Bem vindos ao quinto dos infernos!

Com certeza muitos dos que agora tomaram um pouco de seu tempo para ler estas linhas – eram tempo que eu não escrevia um novo post! – em algum momento da vida, em uma situação de raiva, mandaram alguém pro quinto dos infernos. Ou, se não mandou, pode mandar, pois sempre há tempo!

Hoje, num momento de tranquilidade e calma, me pus a pensar a origem desta expressão. Meu primeiro impulso foi pesquisar na internet. E foi o que fiz, E logo encontrei uma explicação, Melhor dizendo, uma mesma explicação em muitas páginas que repetiam uma a outra, A explicação era a de que no tempo do Brasil colônia o governo português, para pagar suas dívidas com a Inglaterra, instituiu o imposto do quinto sobre o ouro. Ou seja, 20% de todo o ouro levado da colônia para o Reino, acabava nas mãos da Coroa que o repassava para os ingleses. A medida era vista como infernal pelos mineradores e pelos comerciantes de ouro. Daí o “quinto dos infernos”.

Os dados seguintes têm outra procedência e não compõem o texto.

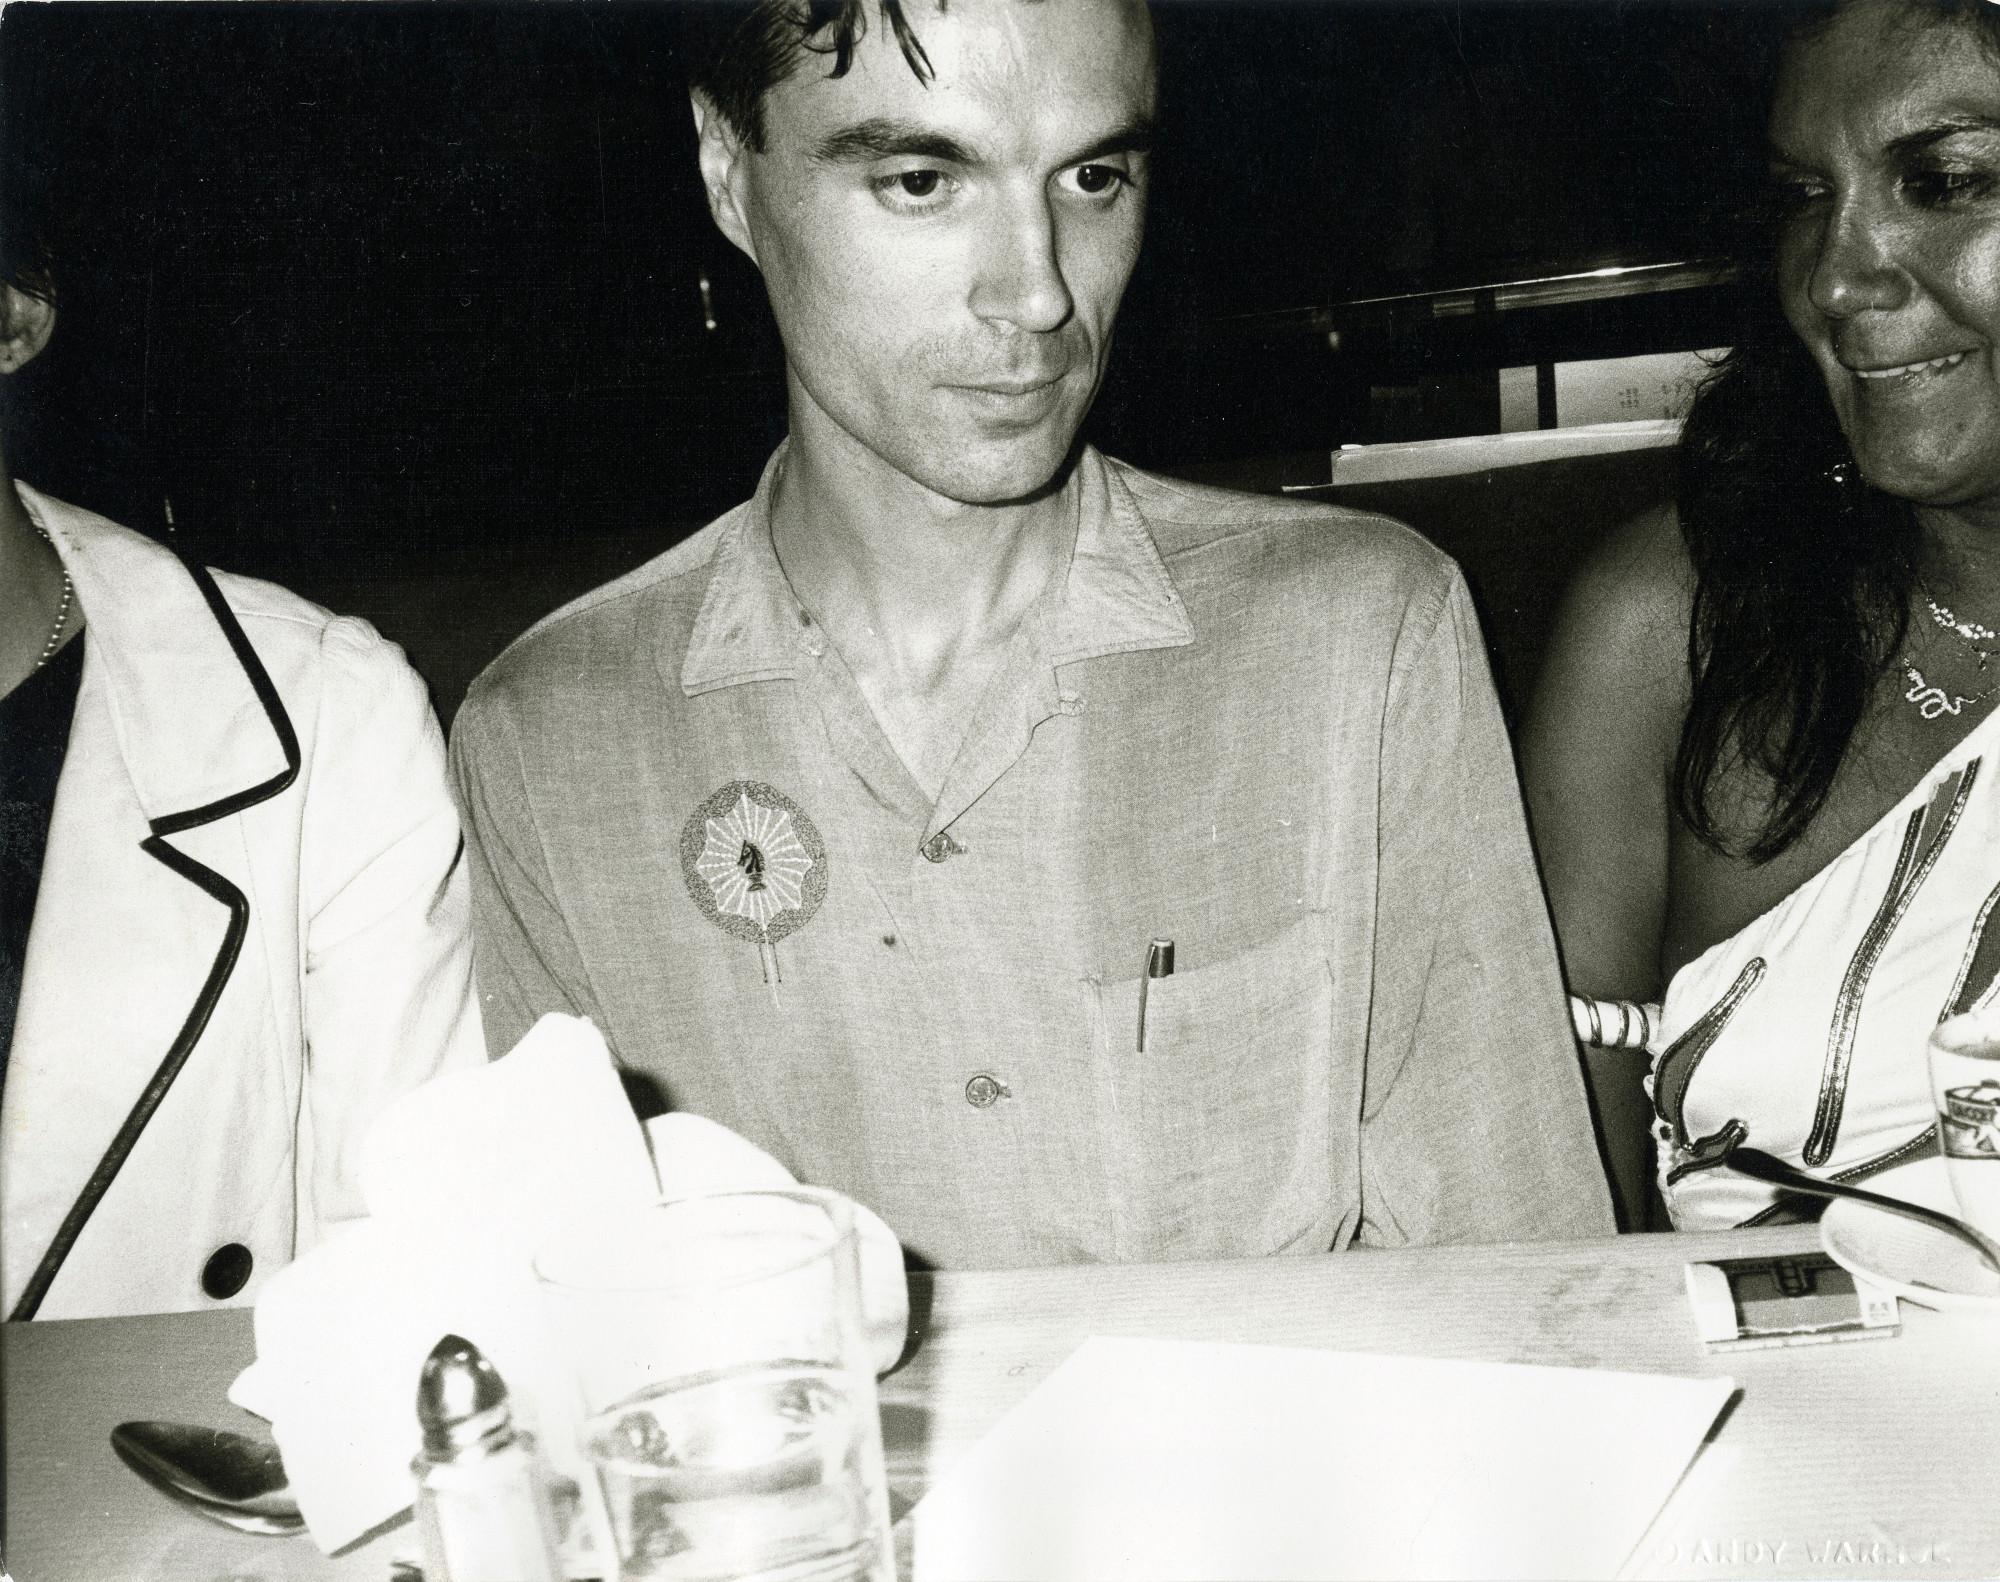 Black and White Photograph Andy Warhol - David Byrne

Até aí tudo bem. Tem fundamento histórico. Mas porque “mandar” alguém para o quinto dos infernos? Isso faz parte da expressão e não encontra explicação na historieta dos 20%. Algumas páginas tentam encontrar um nexo dizendo que o navio que vinha buscar o quinto no Brasil era o mesmo que para cá trazia os condenados em Portugal ao degredo perpétuo nestas terras tropicais. A explicação é interessante. Mas não se sustenta. Pois o quinto era descontado em Portugal no hora da fundição do ouro que não era permitida no Brasil.

A inconsistência das explicações me fez voltar à minha primeira hipótese. A de que mandar alguém pro quinto dos infernos não tem nada a ver com o quinto do ouro. Sua origem estaria na Divina Comédia de Dante Alighieri. O escritor florentino descreve o inferno em nove círculos concêntricos. Em cada um deles há um tipo de castigo que corresponde ao pecado cometido durante a vida.

No quinto dos infernos de Dante, estão os que cometeram o pecado da ira e do rancor. Eles jazem eternamente num lago formado pelas torrentes do Rio Estige compostas por uma mescla de água e sangue fervente. Os que cometeram o pecado da ira permanecem na superfície digladiando-se mutuamente numa luta à morte sem que um consiga derrotar o outro. É uma guerra sem fim onde o castigo consiste em não morrer e ser obrigado a continuar lutando com a certeza de nunca poder derrotar o outro.

No fundo do lago, sem poder vir à superfície, jazem os rancorosos que, removendo o lodo do fundo do lago, fazem subir bolhas que são vistas na superfície e alimentam a ira dos que aí se digladiam no temor de ter que afrontar novos inimigos. O rancor alimenta a ira que leva à autodestruição que inferniza – literalmente! – a vida dos demais.

Uma cena que hoje chamamos apropriadamente de “dantesca” e que descrevia o modo como o escritor florentina considerava as disputas políticas de sua cidade, de Roma e do poder papal e da Europa como um todo.

A Divina Comédia, onde está inserido o quinto dos infernos, tornou-se um clássico não só por ter utilizado o vernáculo como forma de expressão literária. É um clássico porque, Dante, a partir de uma situação concreta do início do séc. XIV, conseguiu descrever uma condição humana universal e suas consequências para aqueles que não a reconhecem e não buscam um caminho de humanidade melhor.

Infelizmente, se Dante vivesse hoje, talvez sua descrição da condição dos irados e rancorosos depois da morte não mudaria muito. Pior! Talvez ele situasse o inferno para antes da travessia do Aqueronte. As torrentes ferventes de água e sangue já estão a invadir nosso planeta. E os primeiros a se afogarem nelas são os que semearam a ira e fizeram do rancor um instrumento de poder político.

O triste é que, muitos que não tem nada a ver com isso, estão fornecendo a água e o sangue para que o Estige continue a correr. Nessas horas, gostaríamos que, no quinto dos infernos, os que se digladiam na superfície alcançassem o objetivo da própria morte e os que chafurdam na lama do fundo perecessem definitivamente. Dantesco, sim, mas seria um modo trágico de acabar com a dor e sofrimento de muitos inocentes.